Engine-touching tests gate themselves via pytest.importorskip("transformers") (or vllm, etc.) and are skipped on host. To exercise them, run pytest inside the matching engine image:

docker run --rm \
-v "$(pwd)":/repo -w /repo \
--entrypoint pytest \
llenergymeasure:transformers-${VER} \
tests/unit/scripts/engine_miners/test_transformers_miner.py

Why this contract

The project previously offered three host extras ([transformers], [vllm], [tensorrt]), each pulling its engine library into the host uv.lock. Three problems compounded:

  1. tensorrt-llm 0.21.0 loads CUDA bindings on import, so the host couldn't even resolve the [tensorrt] extra without GPU drivers (#437).
  2. The unified lock fought itself: tensorrt-llm transitively forced transformers<4.48 even when only [transformers] was installed, breaking vLLM's torch in turn (#437, #464).
  3. The tensorrt_llm wheel is multi-gigabyte; Renovate's lock-update runner OOMed every time it tried to refresh the lock.

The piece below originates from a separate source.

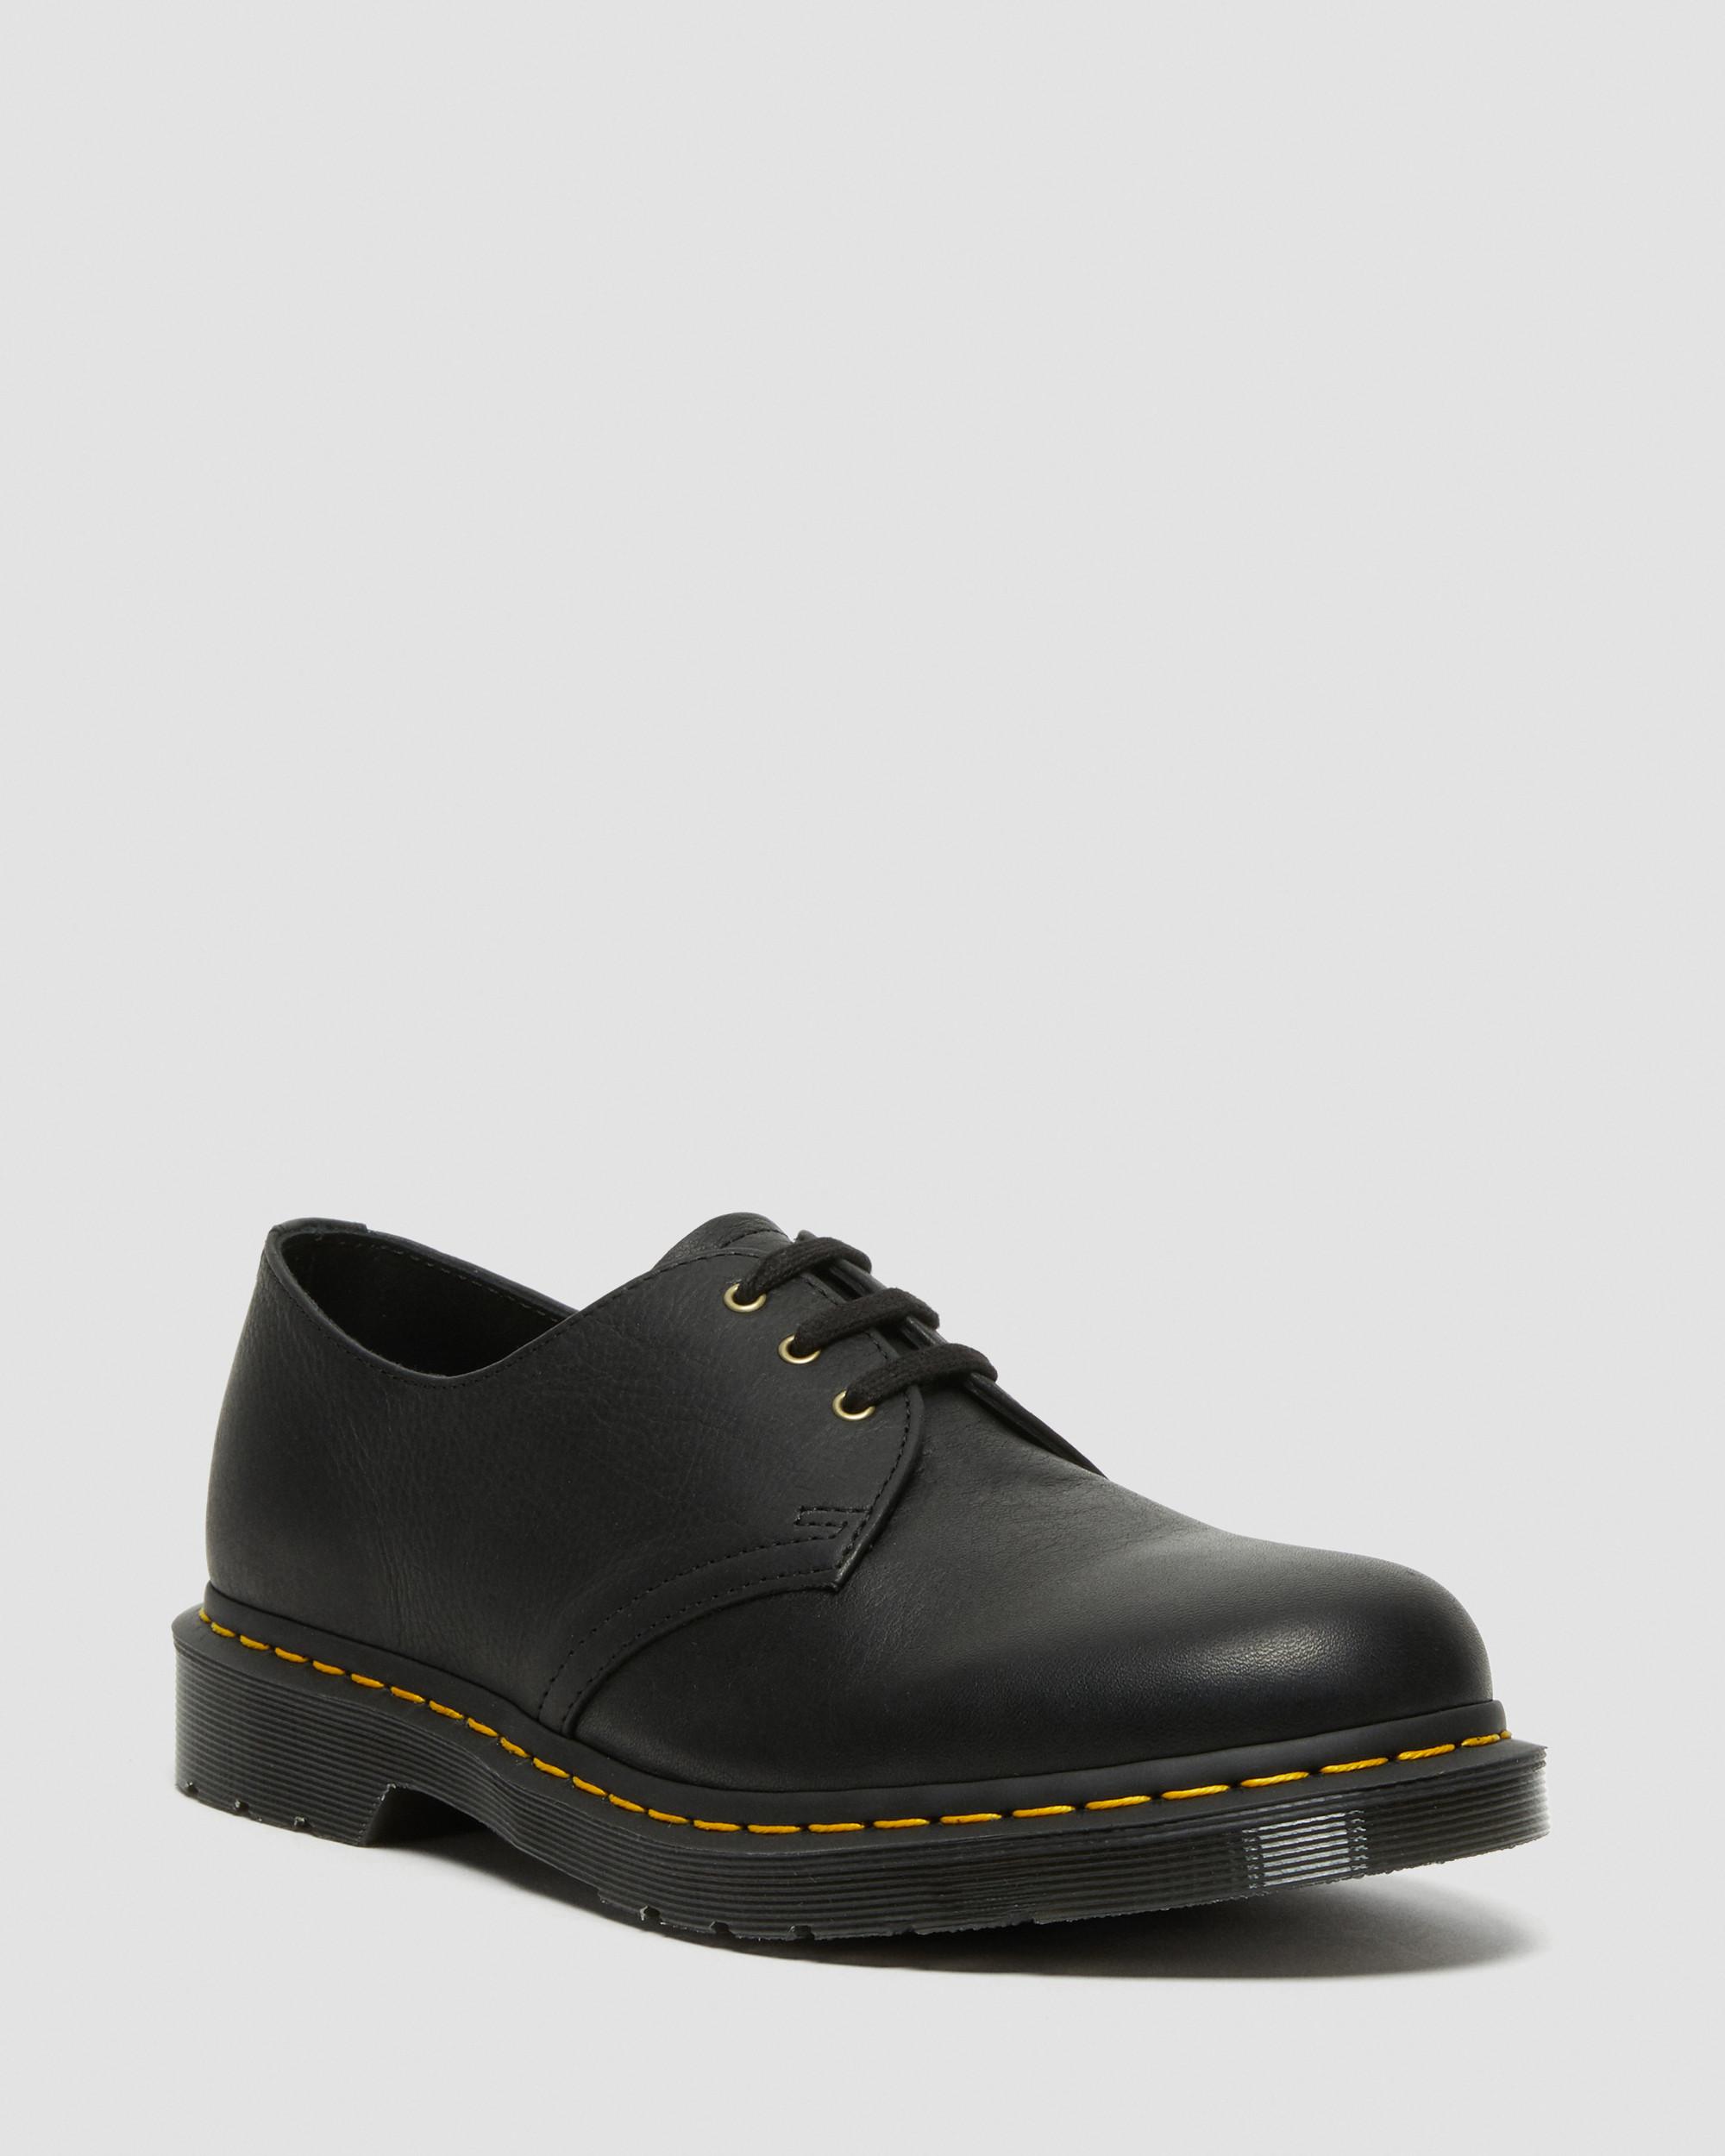 Boots, Shoes \u0026 Sandals | Dr. Martens

Engines-in-Docker collapses the trichotomy (Tier 1 host-import, Tier 2 host- incompatible-Docker, Tier 3 import-requires-GPU) into a single tier: every engine producer runs inside its own image, period. The host lock has no engine deps and resolves cleanly; Renovate stops OOMing; CUDA-on-import is no longer a host problem.

The cost - slower iteration on engine code (Docker build + run vs python -m)

  • is a non-issue because engine-touching iteration was already Docker-bound in practice. This contract just stops pretending host imports work for those paths.